Umar kembali dijinakkan suasana. Ia mulai berani merapatkan tubuhnya ke samping Lastri. Bagai seorang bapak kepada anak, tangan kanan Umar mengelus lembut punggung Lastri. Tidak ada reaksi atau bahasa tubuh dari Lastri atas sentuhan lembut itu. Umar menjadi risih sendiri. Segera ia tarik tangannya dan menggeser tubuhnya yang telah merapat ke pinggang Lastri. Tetapi dengan sigapnya, tangan Lastri menahan tangan Umar. Ia menempelkan kembali tangan yang terlihat bergetar itu ke punggungnya, sembari merebahkan wajahnya ke dada Umar. Sudah hampir dua jam mereka di restoran itu.
“Sebentar lagi sore, kita harus pulang,” bisik Umar pelan ke telinga isteri Lastri. Lastri tidak menjawab. Ia begitu nyaman merebahkan wajahnya ke dada bidang buruh nelayan itu. Umar tak bisa apa-apa. Ia sengaja menempatkan dirinya sebagai buruh yang tentunya menurut apa perintah majikan. Hidungnya lalu ditempelkannya ke rambut Lastri. Diam-diam Umar mencuri kenikmatan lain dari aroma hairtonic di rambut majikannya.
Sementara Lastri kian menyurukkan mukanya ke dada Umar. Tangannya menggeletak di paha Umar yang tertutup pandang oleh meja makan restoran itu. Lastri seperti tak peduli kalau ada orang lain melihat mereka. Suasana itu seakan berkolerasi dengan posisi mereka yang terhalang tanaman pergola yang merayap dari bawah sampai ke atap gazebo. Mereka bisa lebih dulu melihat orang datang atau melintasi mereka.
“Mengapa kamu mengajak pulang?”
“Kita sudah terlalu lama di sini,” jawab Umar pendek saja.
“Memangnya kenapa? Kamu tidak betah berdua denganku?”
“Bukan begitu, Mbak. Lepas Magrib saya harus ke bagan. Sekarang ‘kan sedang purnama.”
“Aku yang mengatur kamu kerja, Mar!” tegas Lastri.
“Iiya..Mbak,” Umar sadar. Ia mencoba lepas dari dekapan Lastri. Tetapi sang majikan tetap menahannya.
“Kamu harus mengerti, siapa dirimu. Nasib keluargamu bukan di tangan Boni! tetapi ada di tanganku!” kata Lastri meninggi.
“Iya..Mbak.” Umar membiarkan dadanya menyangga wajah majikan.
“Artinya, kamu harus mendengarkan aku bukan Boni atau orang lain! Paham?”
“Pa..pa..paham, Mbak.”
“Bagus! Sekarang aku butuh kamu. Aku yang mengatur kapan kita harus pulang!”
“Ya, Mbak.”
Umar terhenyak melihat perubahan mendadak perilaku Lastri.

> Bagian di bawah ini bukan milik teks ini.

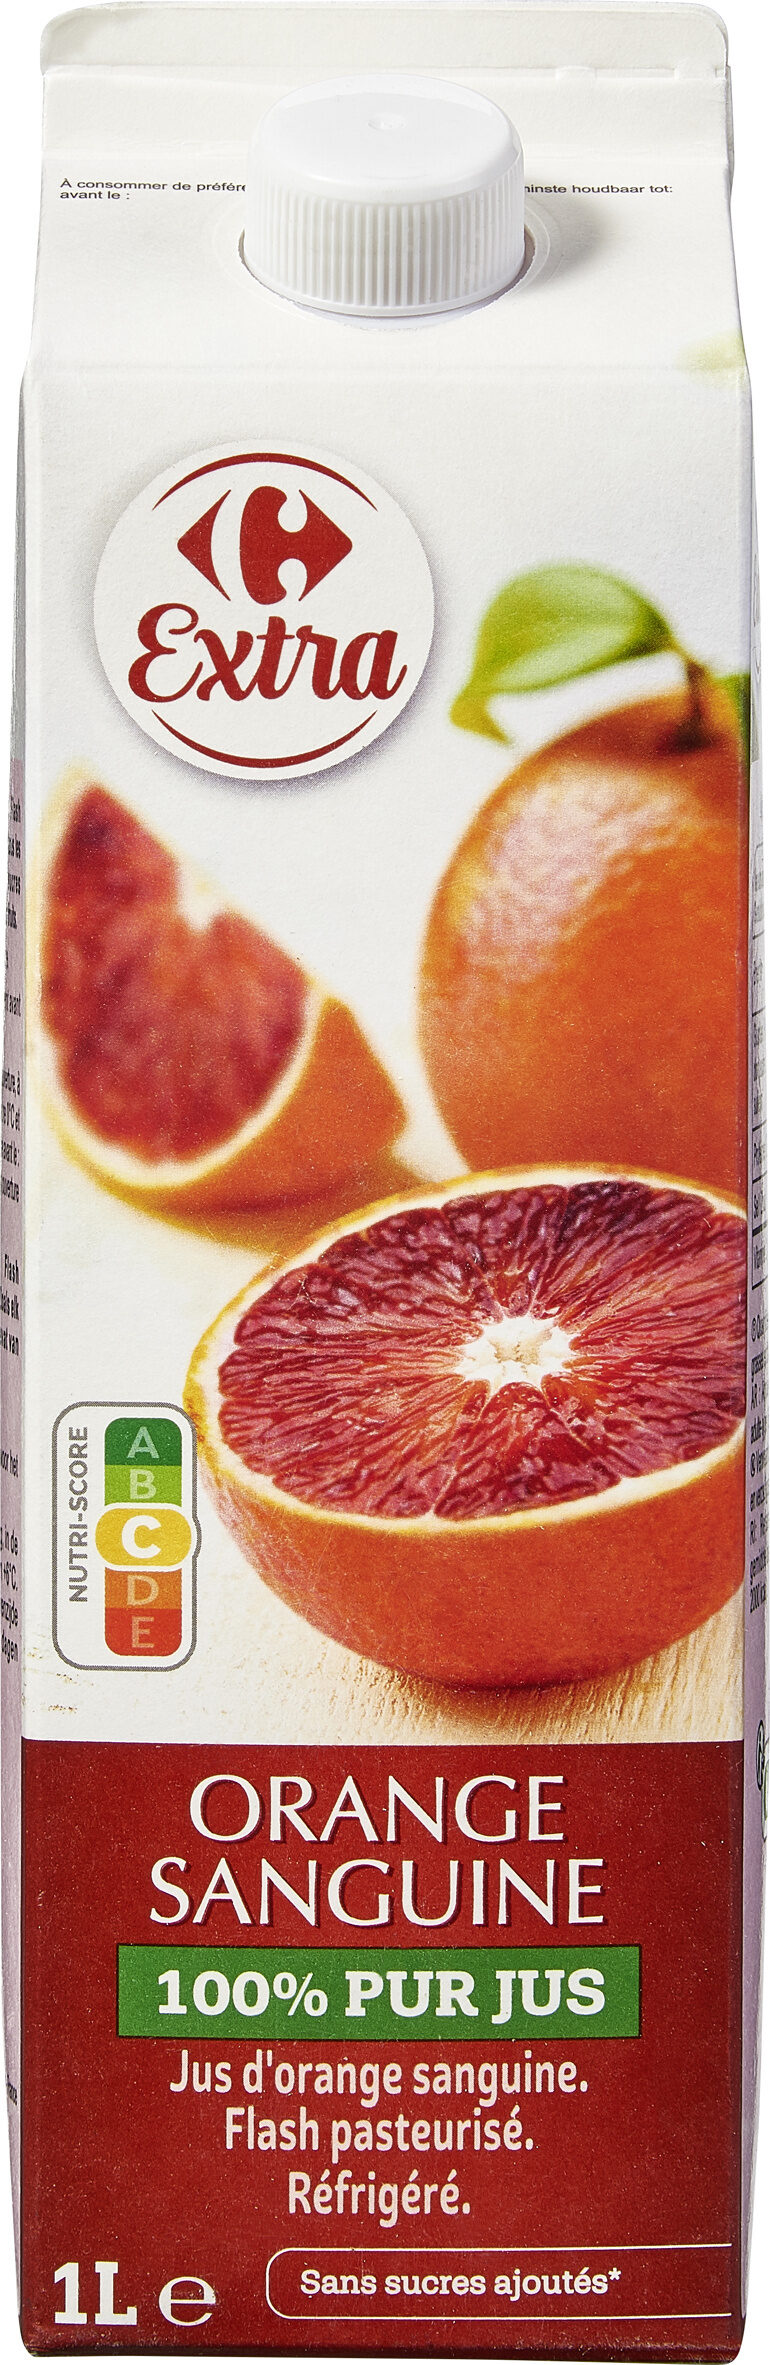 Orange sanguine 100% pur jus Jus d'orange sanguine. Flash pasteurisé. Réfrigéré. - Produkt - fr

Ia belum siap menyikapinya. Umar berada di antara ketertindasan dan keinginan mereguk kenikmatan dari situasi yang tengah berlangsung di hadapannya. Ia merasa kehilangan harga dirinya, tetapi ia mendapatkan kebanggaan lain di antara kebutuhan fisik dan psikis sang majikan.
Umar membiarkan dirinya seperti seekor keledai yang ditusuk hidungnya oleh sang majikan. Karena ia tak butuh lagi pertentangan kelas sebagai seorang buruh. Ia sakiti dirinya bahkan keluarganya, untuk mendapatkan kesejajaran kelas dengan sang penguasa dirinya, Lastri. “Tidak ada yang merugikan dan dirugikan,” bela Umar kepada dirinya. Maka ia biarkan tangan kecil halus itu berkeliaran di atas pahanya. Karena ia pun menikmatinya.
Beberapa saat setelah membayar ke kasir, Lastri menarik tangan Umar ke pinggangnya. Mereka meninggalkan restoran. Sore itu, kedua buruh dan majikan itu, seakan lupa arah jalan menuju pulang ke rumah.